(Task details)
Give back the full listing verbatim, apart from its images.
BEGIN Data section
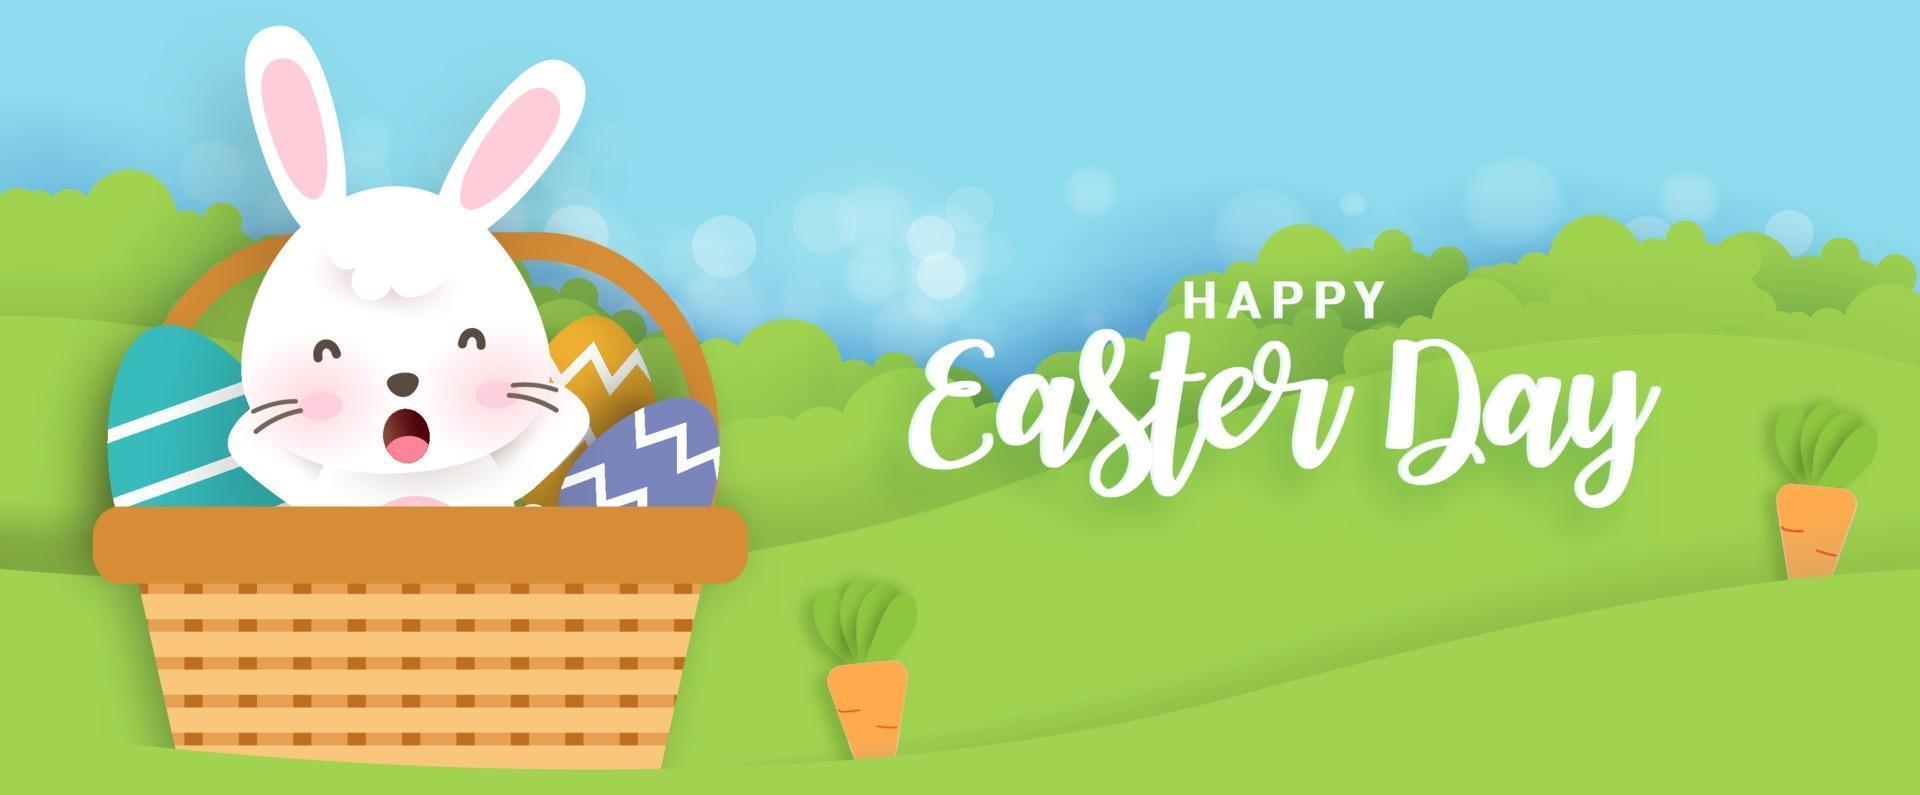 Happy Easter day sale banner vector
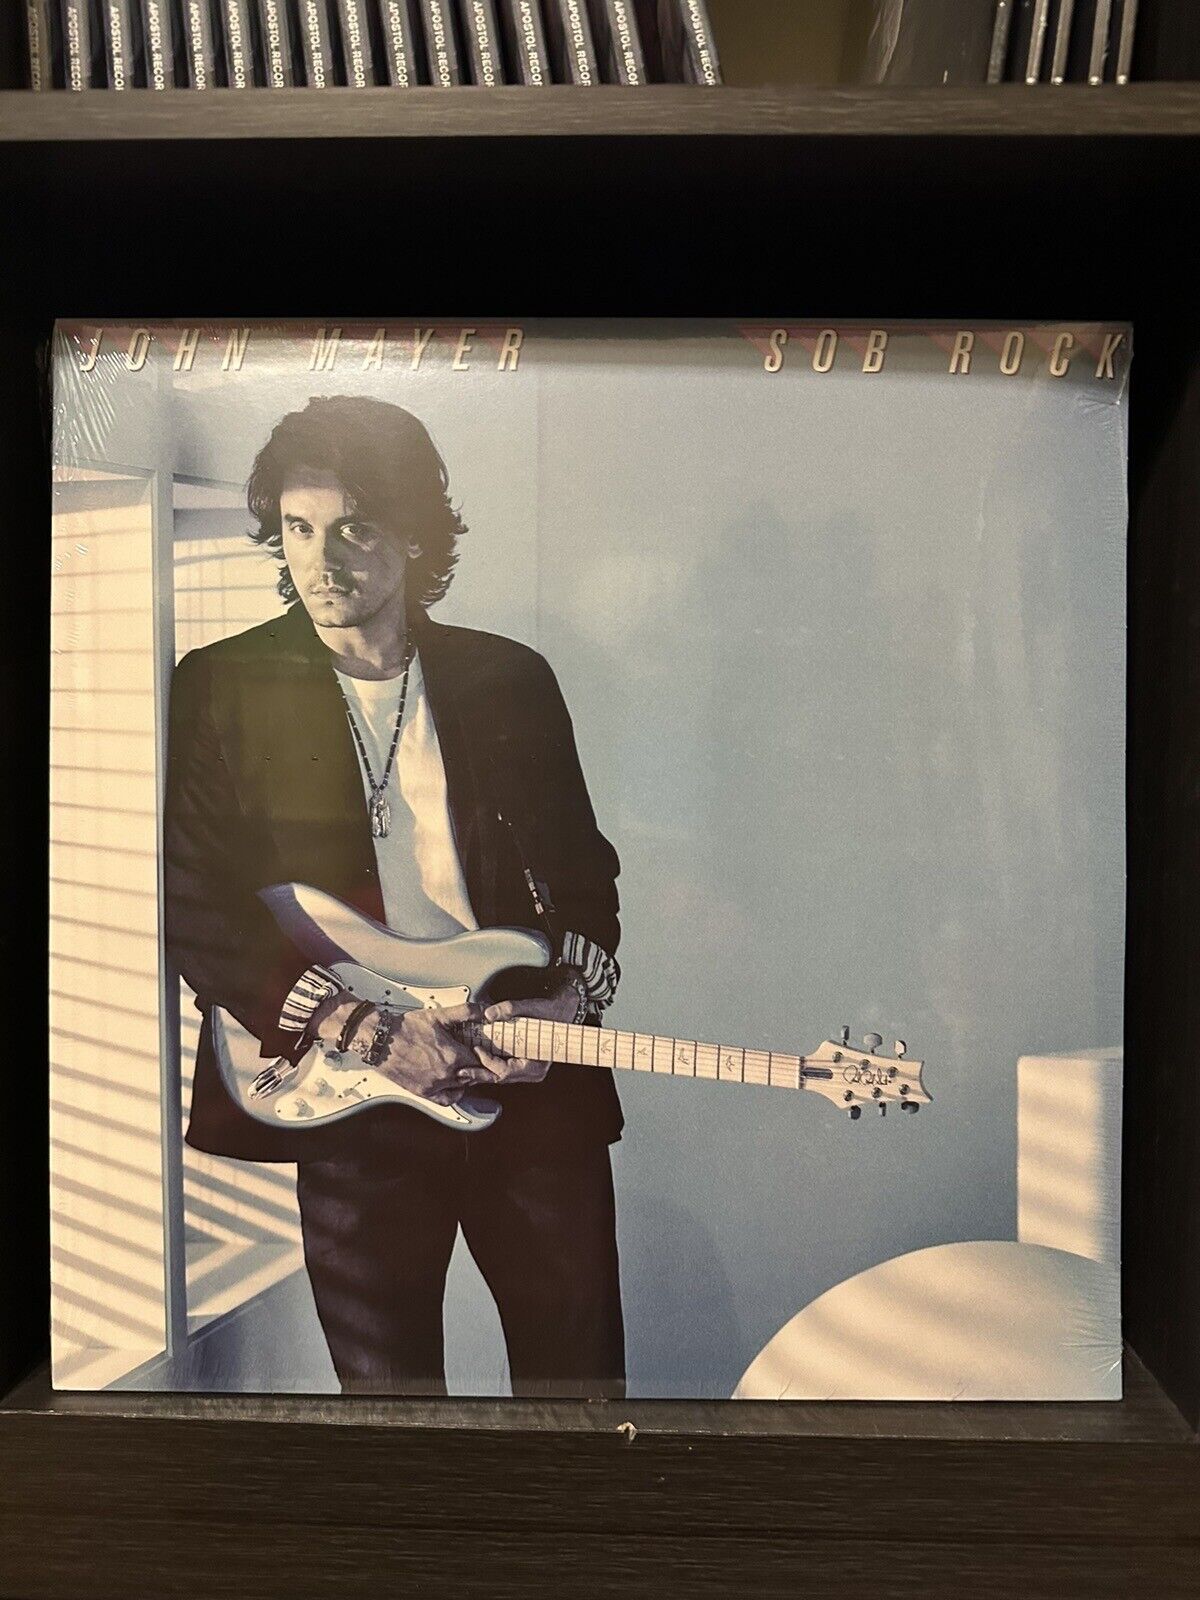 John Mayer - Sob Rock Limited Edition Triple Swirl Vinyl SOLD OUT - In Hand
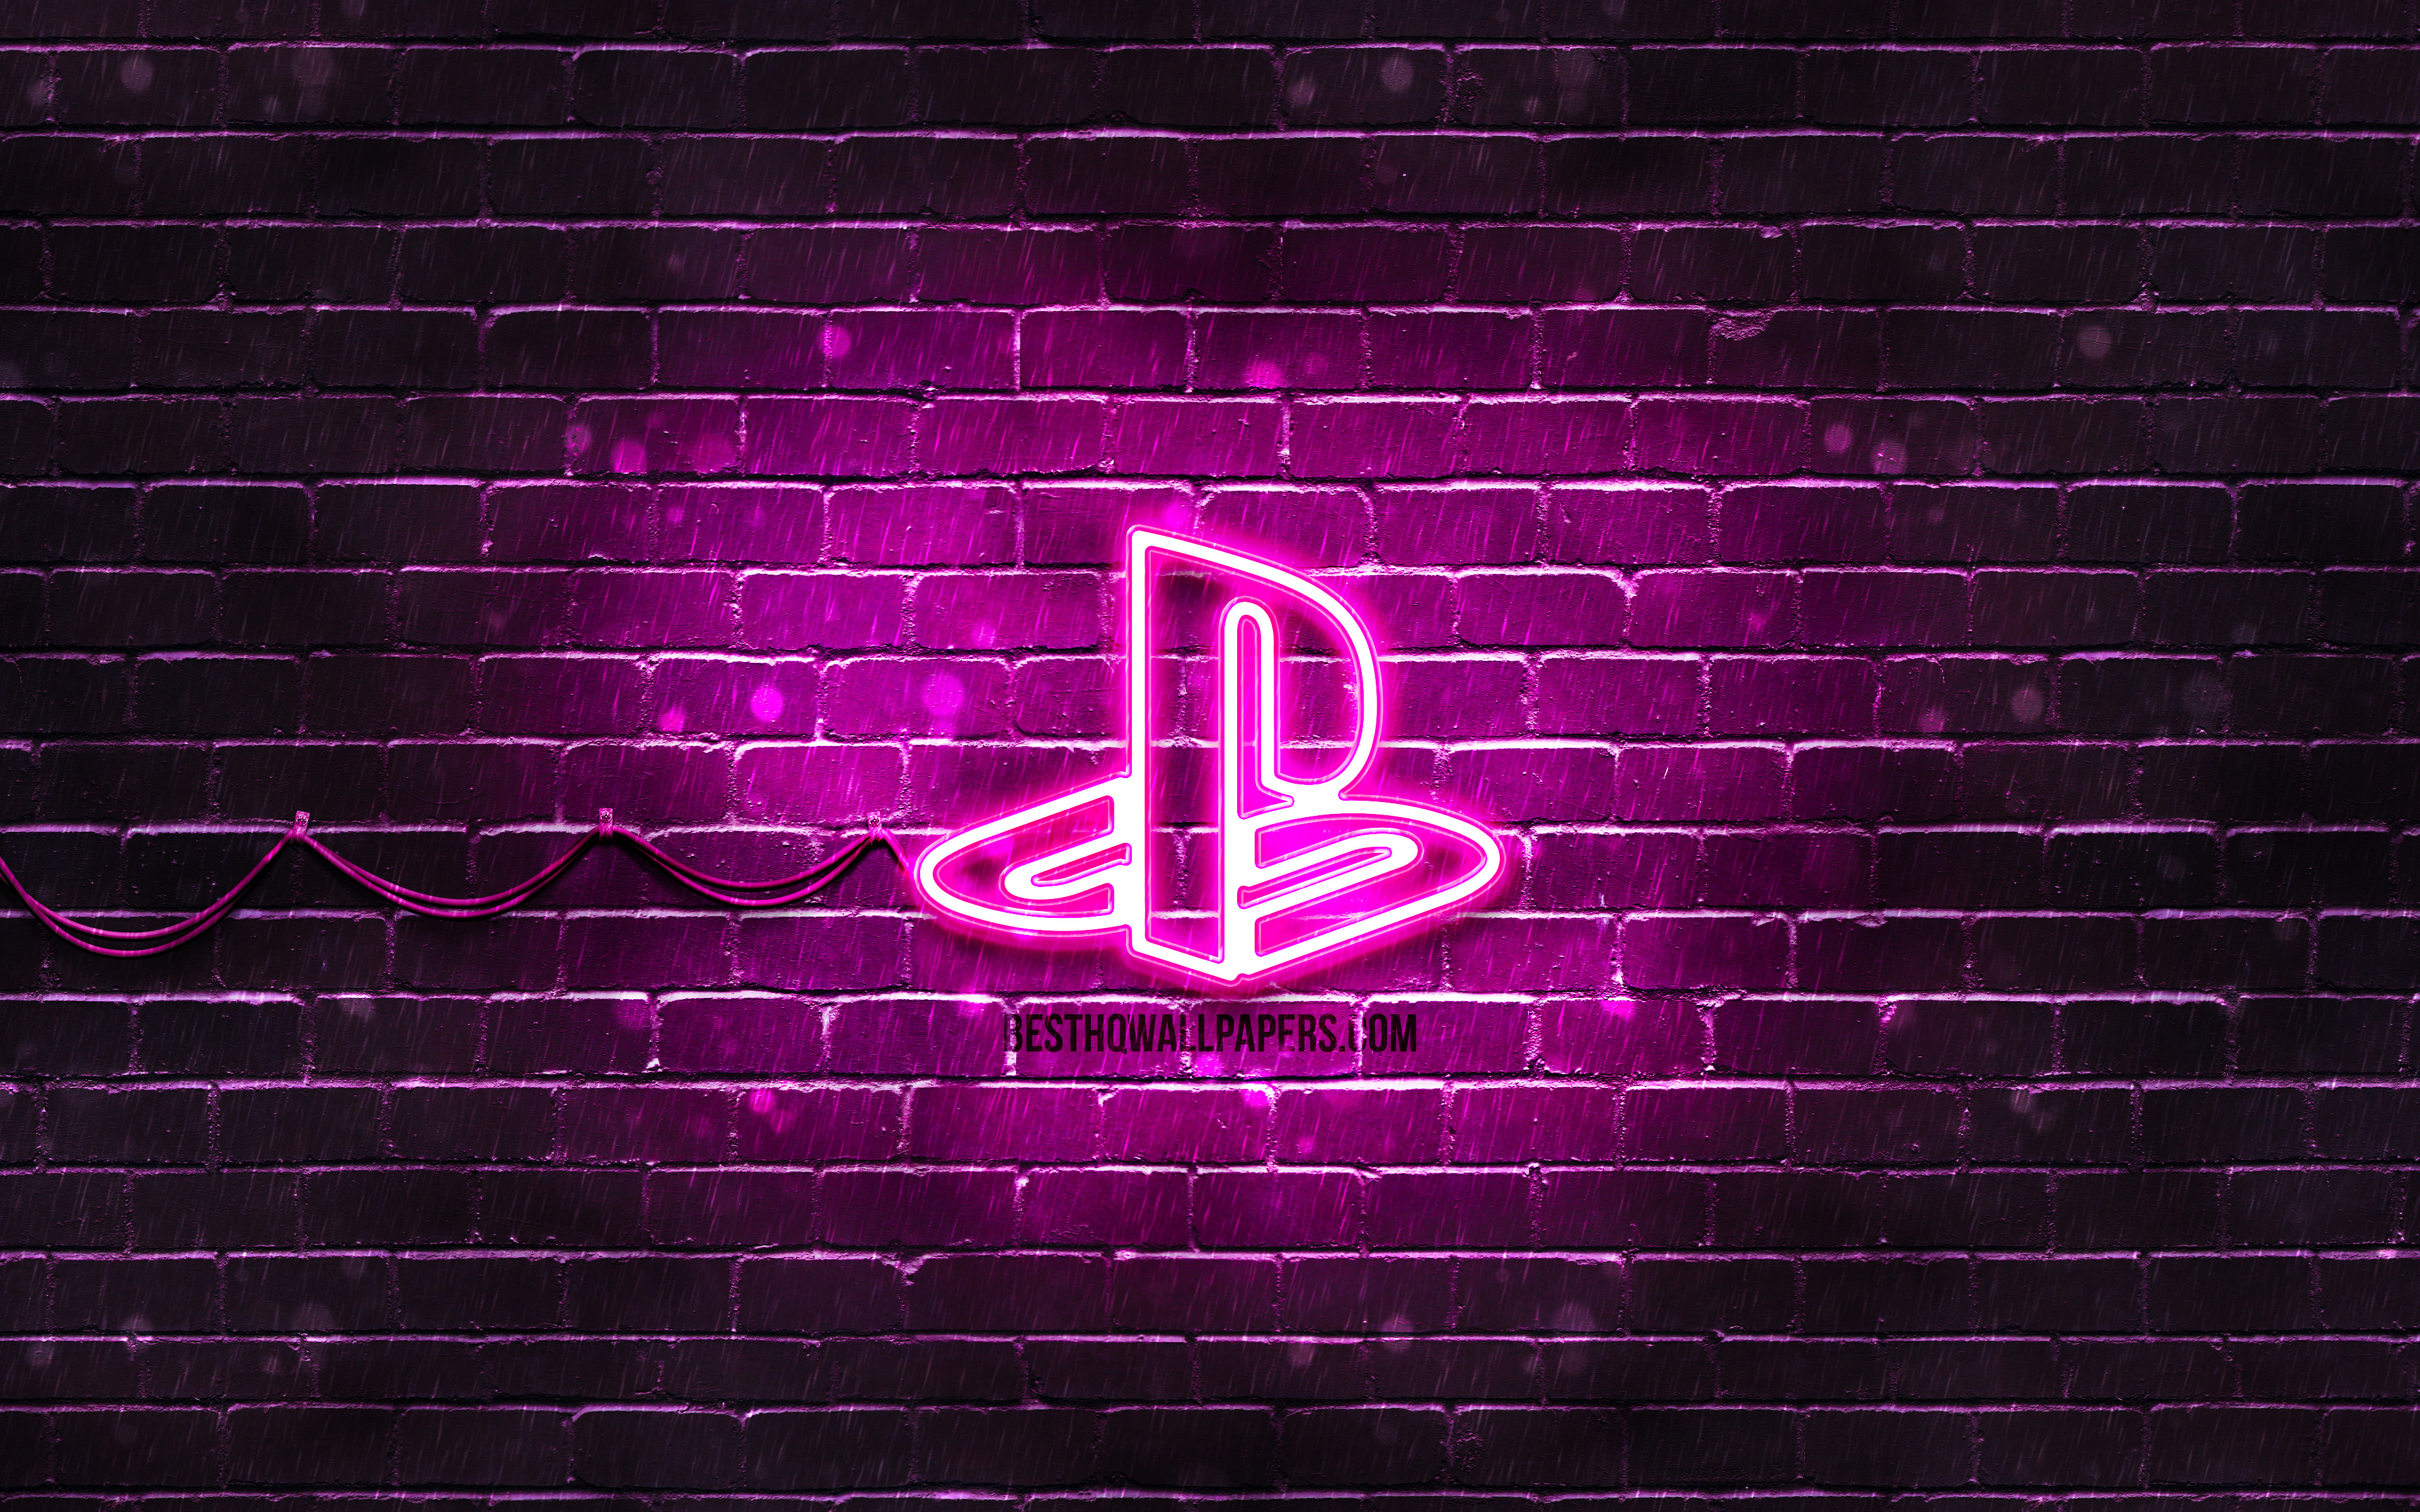 Download wallpaper PlayStation purple logo, 4k, purple brickwall, PlayStation logo, brands, PlayStation neon logo, PlayStation for desktop with resolution 3840x2400. High Quality HD picture wallpaper
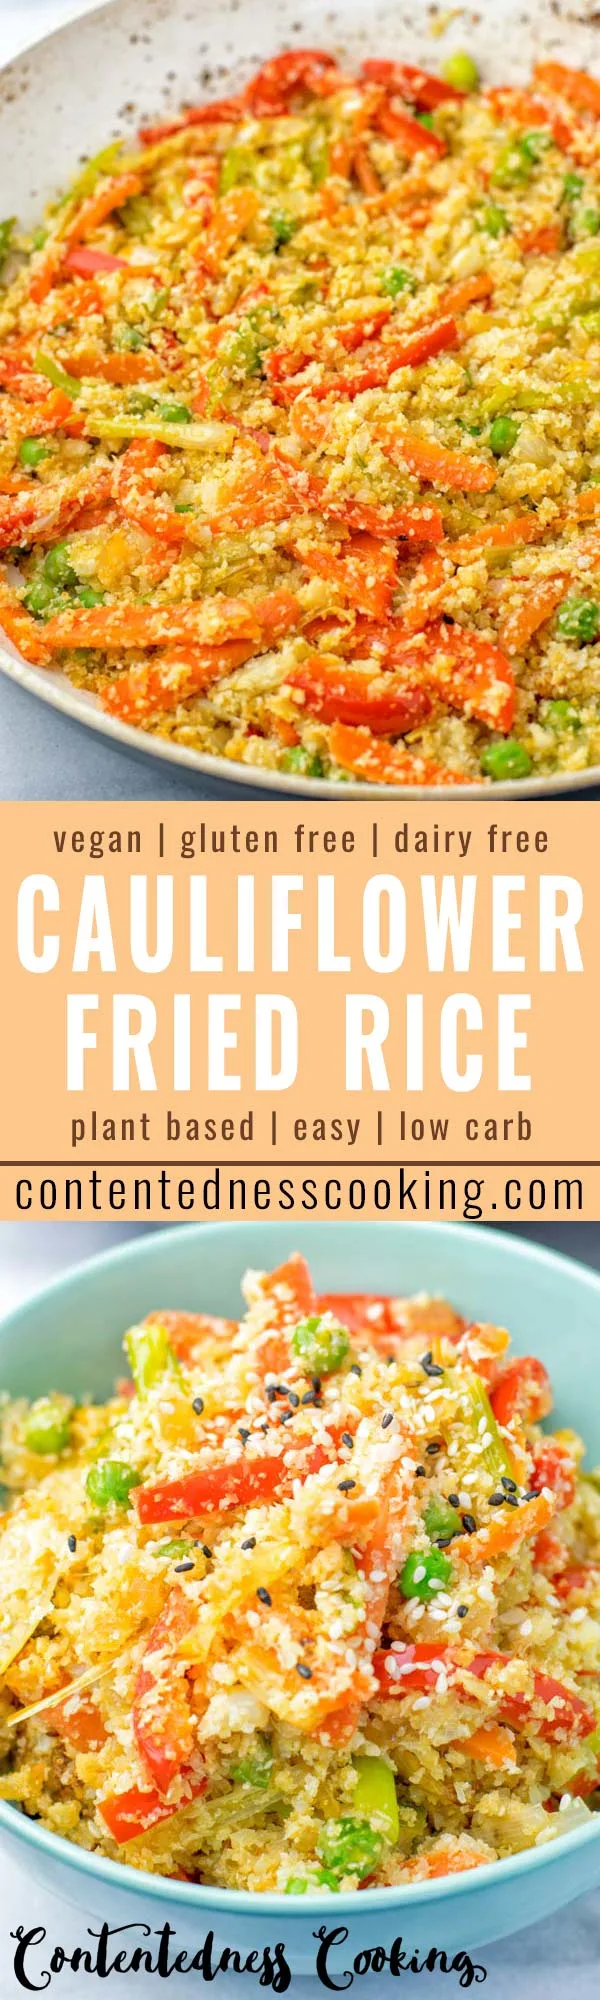 This Cauliflower Fried Rice is a super easy to make for your one pan meals and ready in 15 minutes. Naturally vegan, gluten free and low carb. An amazing dinner, lunch, meal prep, work lunch idea that the whole family will love. Healthy and so satisfying, yum! #vegan #dairyfree #glutenfree #vegetarian #cauliflowerrice #dinner #lunch #onepanmeals #lowcarbmeals #budgetmeals #familydinnershealthy #contentednesscooking #mealprep #worklunchideas
END Data section
(Output for this exercise)
 Happy Easter day sale banner vector
 John Mayer - Sob Rock Limited Edition Triple Swirl Vinyl SOLD OUT - In Hand
 Download wallpaper PlayStation purple logo, 4k, purple brickwall, PlayStation logo, brands, PlayStation neon logo, PlayStation for desktop with resolution 3840x2400. High Quality HD picture wallpaper
 This Cauliflower Fried Rice is a super easy to make for your one pan meals and ready in 15 minutes. Naturally vegan, gluten free and low carb. An amazing dinner, lunch, meal prep, work lunch idea that the whole family will love. Healthy and so satisfying, yum! #vegan #dairyfree #glutenfree #vegetarian #cauliflowerrice #dinner #lunch #onepanmeals #lowcarbmeals #budgetmeals #familydinnershealthy #contentednesscooking #mealprep #worklunchideas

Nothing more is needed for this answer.